Needle Disease/Phytophthora

Red Needle Cast Overview

Conference Presenter: Mike Baker, Hancock Forest Management Ltd

Mike Baker describes the problems being caused by red needle cast and introduces the research programme.

Presentation:  09 Red Needle Cast Overview

Management of Red Needle Cast: Latest research on epidemiology and control

Conference Presenter: Stuart Fraser – Scion

Red needle cast (RNC) is now a widespread needle disease in New Zealand. It is caused by a fungal-like organism, Phytophora pluvialis,. Growth losses of up to 40% have been recorded after a disease impact, however it has been shown that trees recover and recurrence appear to be rare.

Control of RNC using copper: update

Researchers are working to develop a cost-effective aerial spray treatment for RNC. Understanding the life-cycle (epidemiology) of the disease is an essential precursor to chemical control in order to know the best time of chemical intervention.

Long-term monitoring of 50 forest sites in the North Island confirms that the disease generally expresses in winter; also spore release peaks towards the end of winter. There is variation between years, regions and sites, however, so RNC is a challenging disease to work with.

From a long-list of eleven possible RNC control chemicals, a series of trials confirmed that copper has most potential. Copper is well-known to the industry, as it is already used in Dothistroma control programmes.

Small-scale field trials using copper on RNC are underway in Kinleith Forest, thanks to collaboration with Hancock Forest Management. Operational copper sprays in February significantly reduced RNC severity and needle cast over the following winter.

Work has begun on a model to assess the costs and benefits of spray treatment, and this will be refined as more data becomes available, including on the longer-term growth impacts of RNC.  Decision support tools for growers who face the threat of RNC are not too far away.

Presentation:  10 Management of Red Needle Cast

Breeding for Disease Resistance. 

Conference Presenter:  Natalie Graham, Scion

Breeding trees with long-term and multiple disease resistance is a key aim of the Healthy Trees, Healthy Future programme.

Two well-established needle diseases – Dothistroma needle blight (DNB) and Cyclaneusma needle cast (CNC) – are together estimated to cost the NZ forest industry around $48 million annually in lost growth and spraying costs. Red needle cast (RNC) is now the third needle disease impacting seriously on radiata pine growth. Scion’s tree breeders aim to develop new radiata pine genotypes which are resistant to all three of these diseases.

Breeding for RNC resistance: update

Elite 2013/14 clones from the Radiata Pine Breeding Company (already selected for DNB and CNC resistance) are being used for the RNC breeding programme. Some 400 individuals from 63 families were inoculated with RNC and grown on in a fog chamber (emulating the type of conditions favouring the disease). The trees were then screened for RNC resistance.  The best 48 clones went out in a mini field trial in Kinleith Forest, and have been subjected to rigorous monitoring and foliage sampling. Researchers are using sophisticated techniques to better understand how RNC pathogens operate and interact with their host. Research at gene level will identify which host genes make for resistance to RNC; information which can then be used in future breeding and genomics programmes to develop genotypes with RNC resistance.

Red needle cast rankings

An early outcome is that provisional RNC resistance rankings now exist for RPBC’s clones. The best-ranked clones can be used for RPBCs crossing programmes once pollen becomes available, providing growers with early planting material likely to have enhanced RNC resistance.

Presentation:  11 Breeding for Disease Resistance

Remote Sensing and Red Needle Cast 

Conference Presenter:  Grant Pearse, Scion

Scion’s Geoinformatics team continue to work across a range of research programmes, including tree health and tree breeding.

Sentinel 2 imagery: update

The European Space Agency’s Sentinel 2 satellite has been identified as an excellent source of satellite imagery for forest management.

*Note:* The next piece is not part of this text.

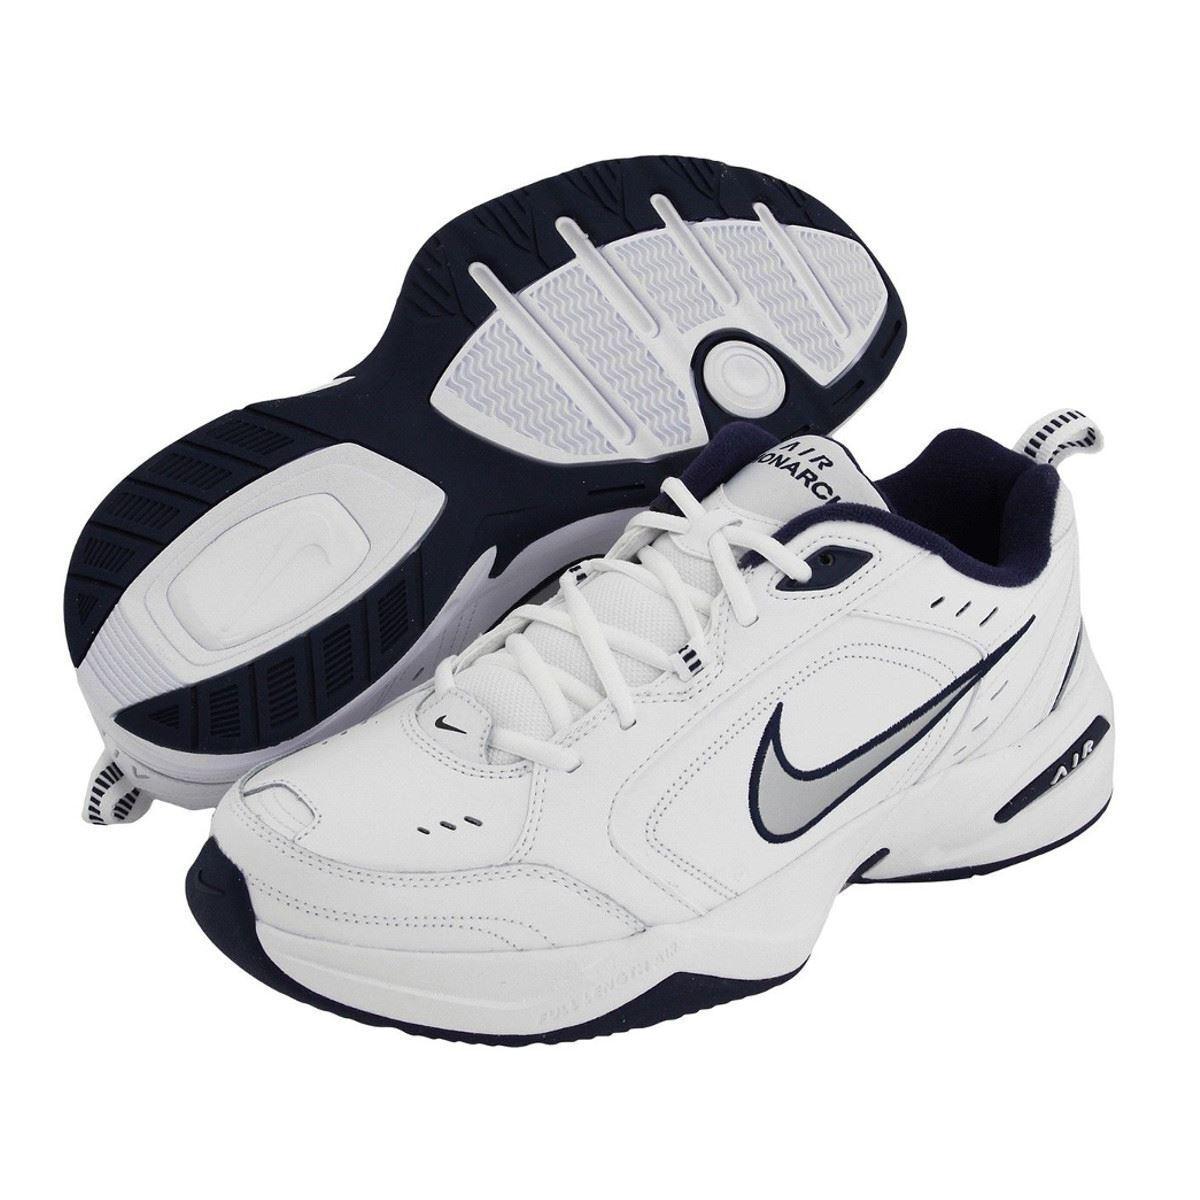 Nike AIR MONARCH IV Mens Weiß Silber Navy 102 Lace Up Running Training schuhe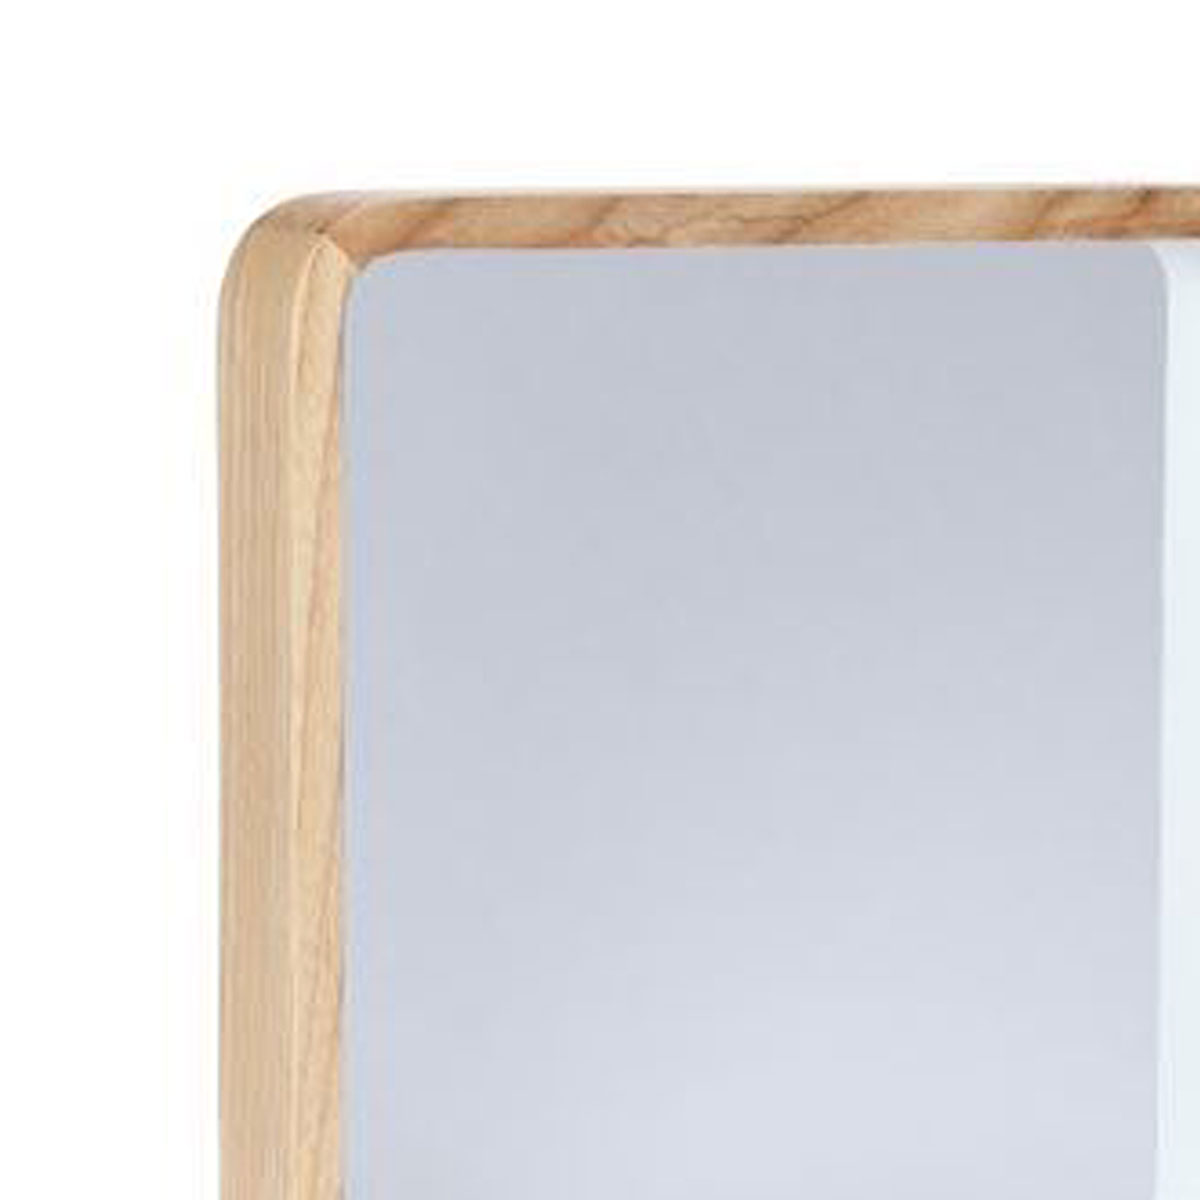 Minimalist Design Ynara Organic Wall Mirror Luxe Mirror

The data is freely available at 10-metre resolution, has a 5-day revisit period, and high spectral resolution. It is therefore ideal for continuous monitoring of forests, for example identifying changes in canopy cover or colour over time. Major research effort continues into how to automate data capture and delivery in a form that is useful and can be used routinely by forest managers.

Detecting red needle cast using Sentinel 2 data has been achieved, although with only three years’ worth of data, it is still early days. Scientists can now identify the specific temporal colour changes that signify RNC, and have been able to monitor changes over consecutive seasons as the disease builds up, needles are cast, and then the trees recover.  This type of monitoring will greatly increase understanding of how the disease behaves at forest level over time.

Other aerial imagery

Research into using and interpreting UAV and LiDAR imagery to compliment Sentinel 2 images continues – UAV imagery is useful for fine-scale detection and mapping, even down to individual tree level. Use of oblique UAV imagery is also being explored, as this captures information in three dimensions such as relative tree heights and stem characteristics.

In addition, the Scion team has also been involved with using aerial imagery to monitor the trials to test copper as a way of controlling RNC.  The information gathered will be used in a new decision-support model currently being developed (see following section) to assist forest managers with decisions around RNC control.

Presentation:  12 Satellite RNC Monitoring

Red Needle Cast modelling for risk prediction and decision making

Conference Presenter:  Ralf Gommers, Scion

A powerful new model to assist forest managers faced with the threat of red needle cast (RNC) is at prototype stage.

The model is utilising the vast amount of existing data about RNC. This includes disease reports, lab and field trial data, and remote sensing data. By combining forestry-based data with other data sets – for example climate and site data – scientists have built a spatial model capable of predicting the risk of RNC outbreaks and severity in any given forest, and assisting with decisions on the cost-benefit of spraying trees.

For example, by combining climate data with 10 years’ of disease reports, it has been possible to quantify how location and climate impact on RNC incidence; similarly, by analysing data from breeding trials, the impact of genotype on susceptibility to RNC has been ranked.

The many different analyses have been combined in an integrated model which can now test scenarios for spraying decisions in forests in different locations. The model has the capacity to run forward in time and see the effect of adding one or two copper sprays with a given dose in a season.

Timeframe for model deployment

The timeframe for further development and launch of the model is as follows:

  1. Deploy for use within Scion (end-2018)
  2. Beta-testing with industry (mid-2019)
  3. Make accessible to industry (currently scoping options)
  4. Integrate more trials, forest growth models, cost-benefit analyses and disease impacts.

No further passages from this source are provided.